Should we mind? We, the customers, are driving this. First Franchise says that it’s the relaxed informal shopping environment that makes GCs the consumers’ choice of retail destination. Mountain Warehouse’s Property Director, Jim Pinder, is quoted. “Garden centres are more than just garden centres these day – they are shopping destinations in their own right…We’re just following where our customers go.” The current enthusiasm for grow-your-own, with its overtones of self-sufficiency and lack of consumerism, is promoting the very opposite ethos at the places we go to explore our new interest.
For some of us, they’ve missed the point. I’ve enjoyed garden centres because I enjoy gardening. Yes, I’ve found them relaxing, and I’ve enjoyed the ambience. No canned music, light and spacious surroundings, cake (oops!). But, most of all, they’ve been about gardening. That’s what I go for. That’s why they’re relaxing.
At my local garden centre, the heart is being displaced. Gardening items are being pushed to the edge and you can’t reach them without passing the franchises and smelling the coffee, and the thought of being forced to trail past the existing lifestyle concessions already puts me off. I can’t be alone, but I fear that we are in a minority.

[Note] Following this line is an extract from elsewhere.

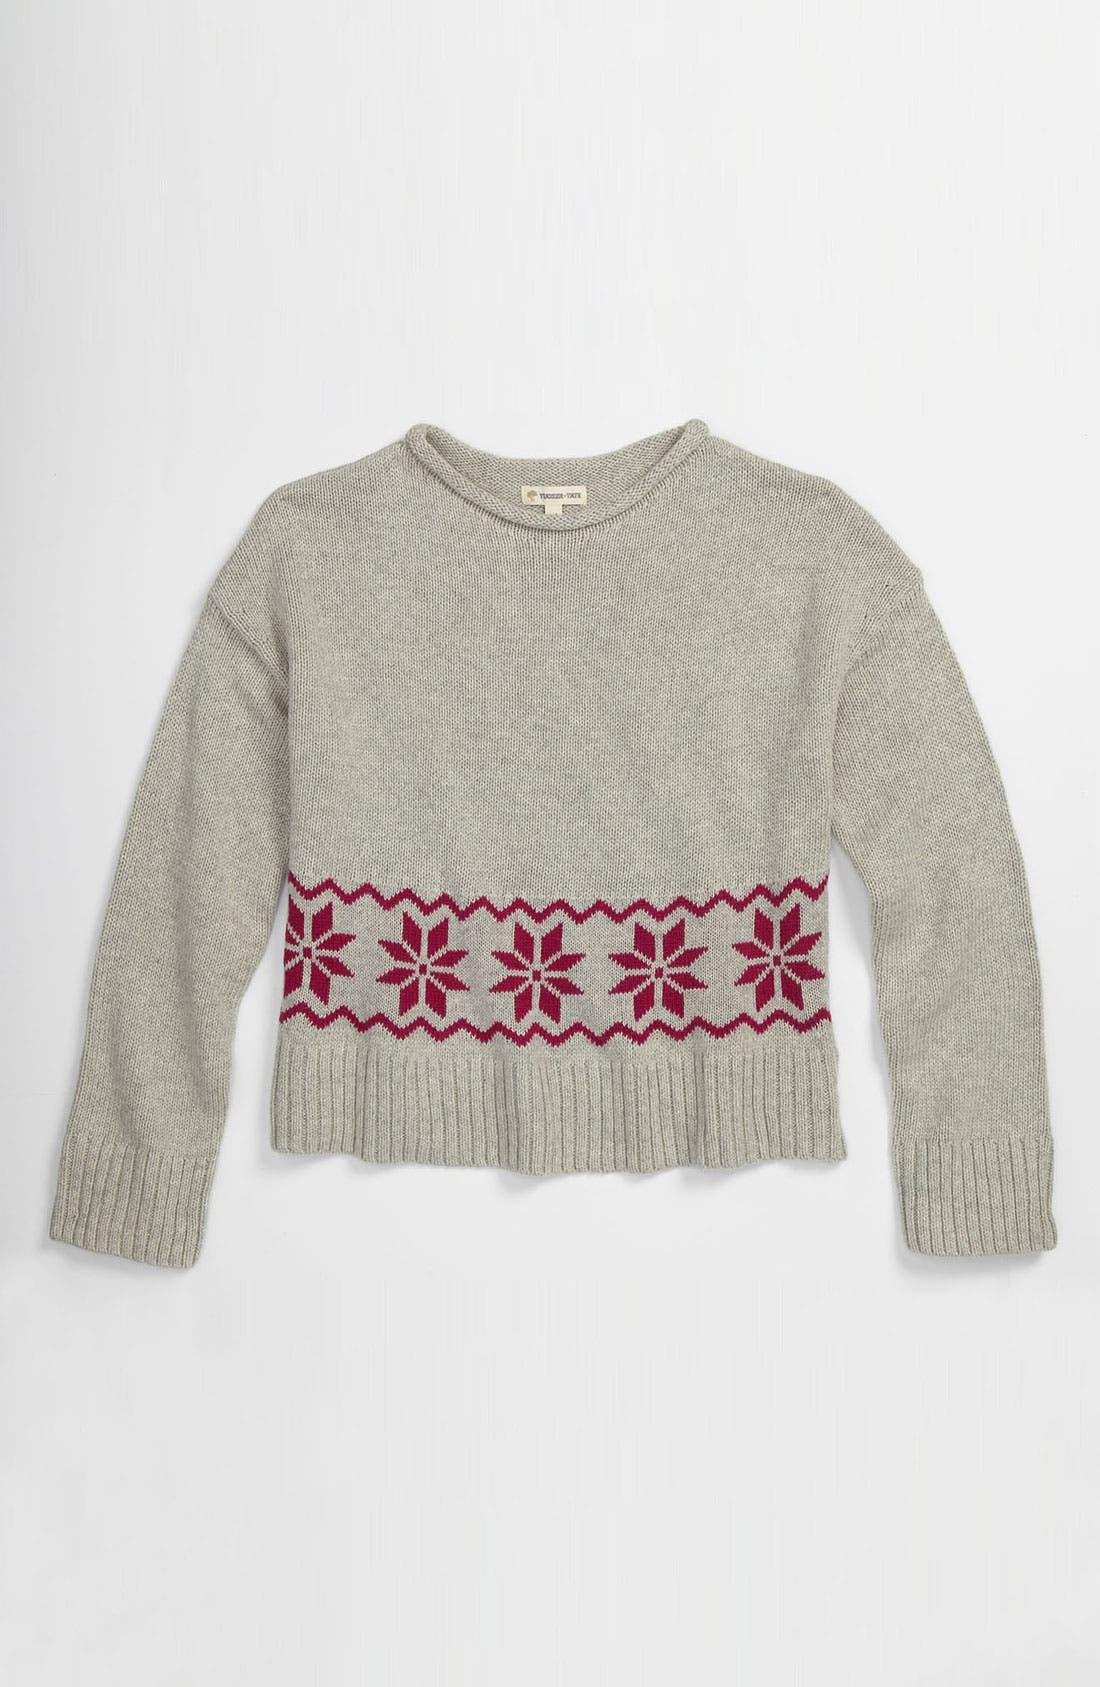 Alternate Image 1 Selected - Tucker + Tate 'Lydia' Sweater (Little Girls)

According to First Franchise, there are around 2,500 garden centres or retail nurseries in the UK. That’s a ripe market for expansion and I doubt that the tide will turn soon. But the people who enjoy them in the future, I think, will not be the people who enjoy them now and I predict, where planning permission is given, that in less than ten years your local garden centre will be a tiny blip on the edge of an expanding retail “village”.
Those of us whose hobby really is gardening will no longer be visiting the garden centre.
Well said! I hate GCs for that very reason - I buy online or through a local NURSERY.
Posted by: Andy McKee | Wednesday, 26 October 2011 at 04:35 PM
Thanks, Andy. I agree - my local nursery is a fraction of the size of the garden centre but holds me there for just as long because there's so much packed in, and they're all plants or statuary.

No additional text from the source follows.